On a GAAP basis, net income was approximately $13 million, which improved from $7.8 million reported last year. Also, net income on an adjusted basis (including stock-based compensation but excluding all one-time items) was $18.9 million compared with $12.4 million.
Rambus exited the quarter with cash, cash equivalents and marketable securities of roughly $287.7 million, down $75.2 million from the Sep 30, 2015 balance of $362.9 million, due to the repurchase of 7.8 million stocks under the company’s accelerated share repurchase program.
Buoyed by the better-than-expected fourth-quarter performance, Rambus issued encouraging first-quarter and full-year 2016 revenue outlook. For the first quarter, the company expects revenues between $71 million and $75 million (mid-point $73 million), higher than the Zacks Consensus Estimate of $72 million.
Full-year revenues are projected within $310 million to $325 million (mid-point $317.5 million), much higher than the Zacks Consensus Estimate of $294 million.
Acquisition of Smart Card Software Ltd
Concurrent with the fourth-quarter results, Rambus announced the acquisition of mobile payments technology developer, Smart Card Software Ltd., in a cash deal worth £64.7 million or over US$92 million.
With this acquisition, Rambus acquired two technologies. The first one is an advanced mobile payment platform developed by Bell Identification Ltd. (Bell ID) which also supports cloud-based services. The other one is a smart ticketing platform built by Ecebs Ltd. (Ecebs). Both the companies were wholly-owned subsidiaries of Smart Card Software.
Rambus intends to integrate these technologies into the Cryptography Research portfolio of products and services, thereby broadening the secure provisioning and management solutions offering. The acquisition is anticipated to be accretive to Rambus’ pro-forma earnings within the next 12 months.
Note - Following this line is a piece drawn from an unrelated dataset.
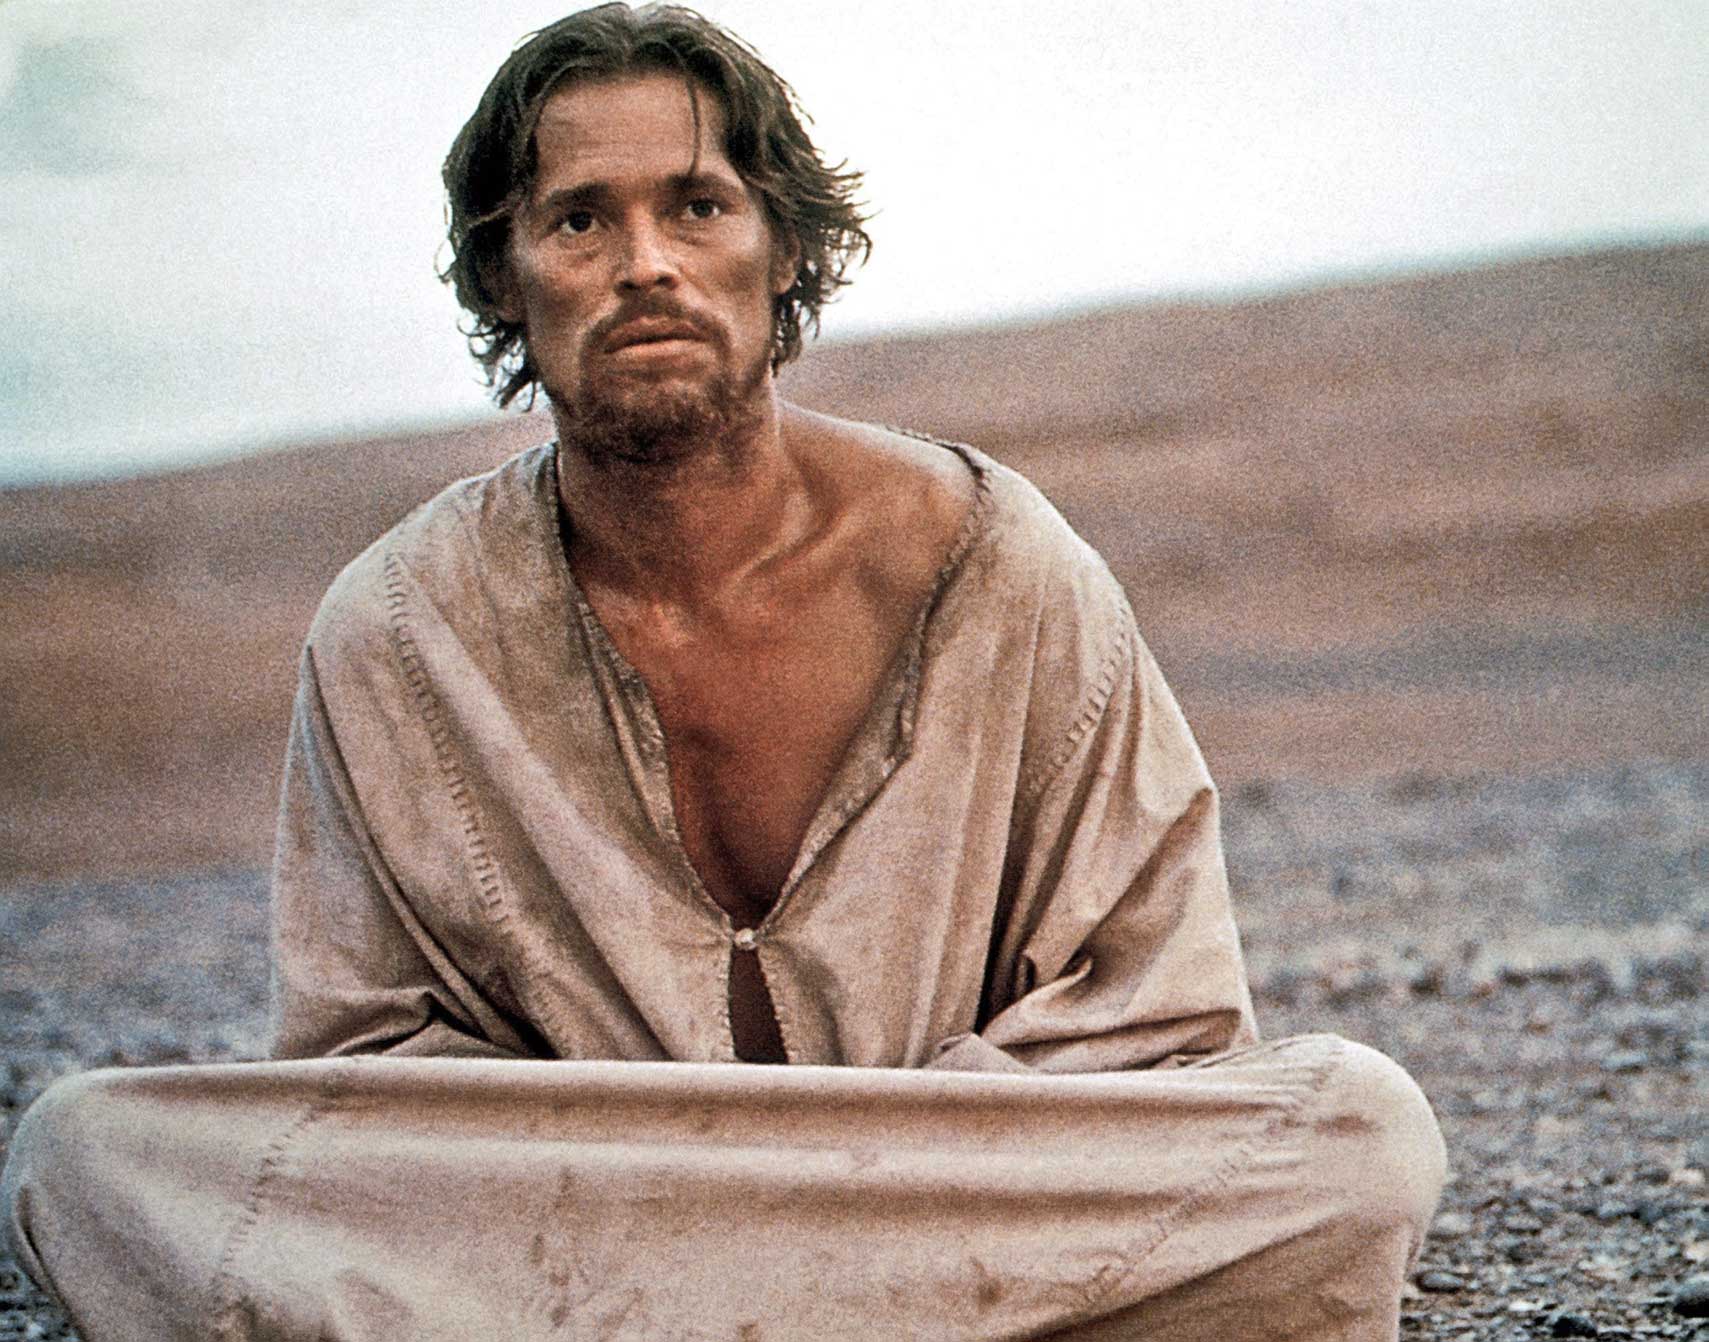 The Last Temptation of Christ (1988)
                              Martin Scorsese’s film starring Willem Dafoe was a critical success, but protests doomed ticket sales

Extension of Patent License Agreement
In a separate press release, Rambus declared that it has extended the patent license agreement with Advanced Micro Devices Inc. AMD by five years.
Rambus reported strong fourth-quarter results with both the top line and the bottom line beating the respective Zacks Consensus Estimate. The quarterly revenues and earnings improved significantly from the year-ago period as well. Moreover, the company provided encouraging first-quarter and full-year 2016 revenue guidance.
Rambus is poised well to capitalize on the rising popularity of energy-efficient lighting, LED products in the latest architectural, retail, commercial and residential lighting fixtures. The recent acquisition of Smart Card Software will enhance its product offerings thereby boosting the top-line and the bottom-line performance over the long run, in our view.
Rambus is going through a restructuring phase and we expect it to yield favorable results. Additionally, licensing agreements — the result of successful monetization of Rambus’ patents — remain a recurring revenue source.
Currently, Rambus has a Zacks Rank #2 (Buy).